Sunday, May 24, 2009

KissyKissy says the Beltway reporter

Comment re For Baucus, health care is the issue of a lifetime http://www.washingtonpost.com/wp-dyn/content/article/2009/05/23/
AR2009052301893_Comments.html


Good grief, Washington Post. You've reminded me again never to underestimate the delusional mindset that often overcomes Beltway newspaper reporters. Anyone who can write about Baucus without mentioning his obligations to those who fund his political campaigns is missing the point. By a wide margin. Baucus receives more money from the drug and health insurance companies than any other Democrat in the Senate or the House. So it is no surprise that his recent superficially complex proposals mask love letters to the HMO interests.
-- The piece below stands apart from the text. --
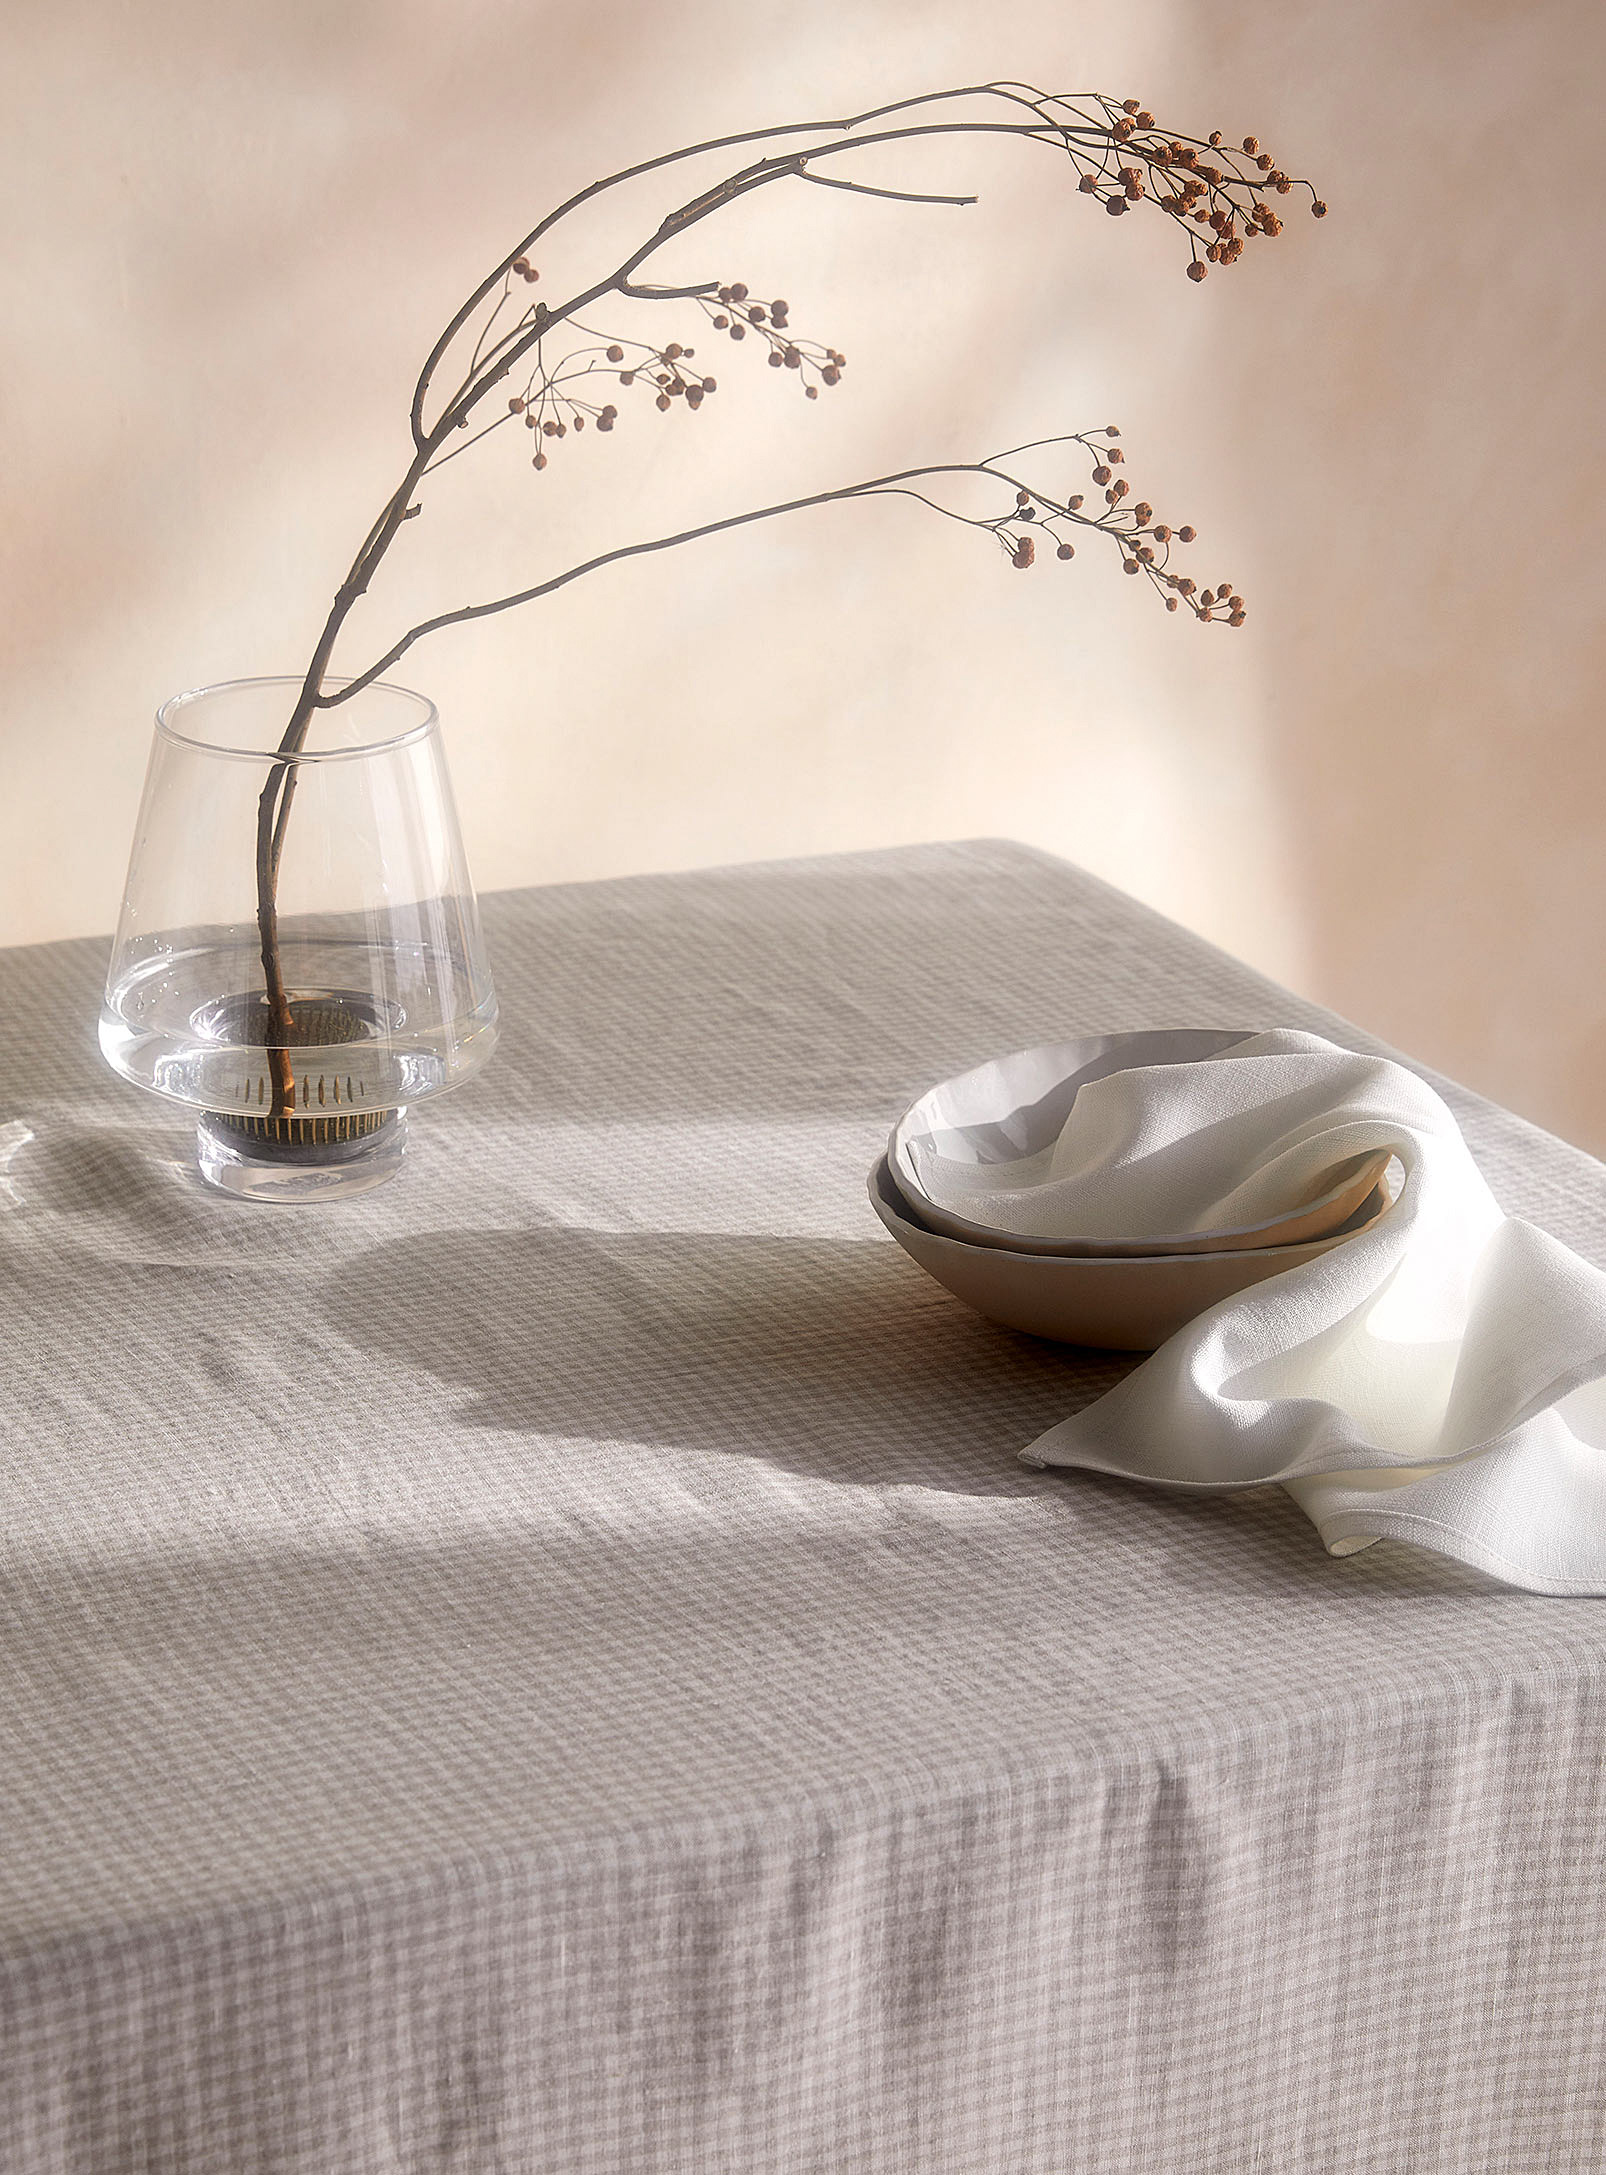 Casannita - Gingham checkered pattern pure linen square tablecloth For 4 people

If the Times falls, is the Post next?
5/25/2009 2:08:36 AM

Saturday, May 16, 2009

ObamaCare

•What He's Learned
A Conversation with Barack Obama
By Jon Meacham | NEWSWEEK
Published May 16, 2009
From the magazine issue dated May 25, 2009
http://www.newsweek.com/id/197891/CommentSuccess/false#CommentBox

•• COMMENT
Nonsense. Obama's ignorance about health care is being writ large across the nation. Many people are going to catch on: ObamaCare means:
• an overall decline in quality of care for the vast majority of low-income and middle-income Americans;
• Continued high quality care for the upper-middle class, the rich and the political class.
• little or no change in costs for consumers ... you pay less, you get less .. then you get sick and pay more;
• reduced reimbursements for providers;
• reduced benefits for consumers;
• few or no consumer protections;
• Hostility and ignorance toward people with politically incorrect chronic or disabling health problems;
• Universal managed care.
• No thanks.

Monday, May 4, 2009

Date: May 4, 2009 5:55:59 AM EDT
To: letters@nytimes.com
Subject: letter to

"Where did all the doctors go?" (Letters, May 4) is more nonsense promoted by the HMO lobby and its dupes in the media. Should we pay people more when they are less educated, less trained and less experienced than people who know more, train longer and have more experience? Only in the dreamland inhabited by the puppets programmed by the HMO propaganda machine. More than a third of our population has a chronic or disabling health problem that requires expert care by a specialist serving as a principal (not primary) care provider. Most specialists are doubly credentialed, in internal medicine and in their specialty, and are more than capable of doing both jobs. It's time for an end to the attacks on them by the less deserving and jealous MDs. They have made their own bed of nails. Let them lie in it. Nobody put a gun to their heads and forced them to choose to serve a less needy and healthier population requiring simpler services. And nobody guaranteed them equal pay for less work.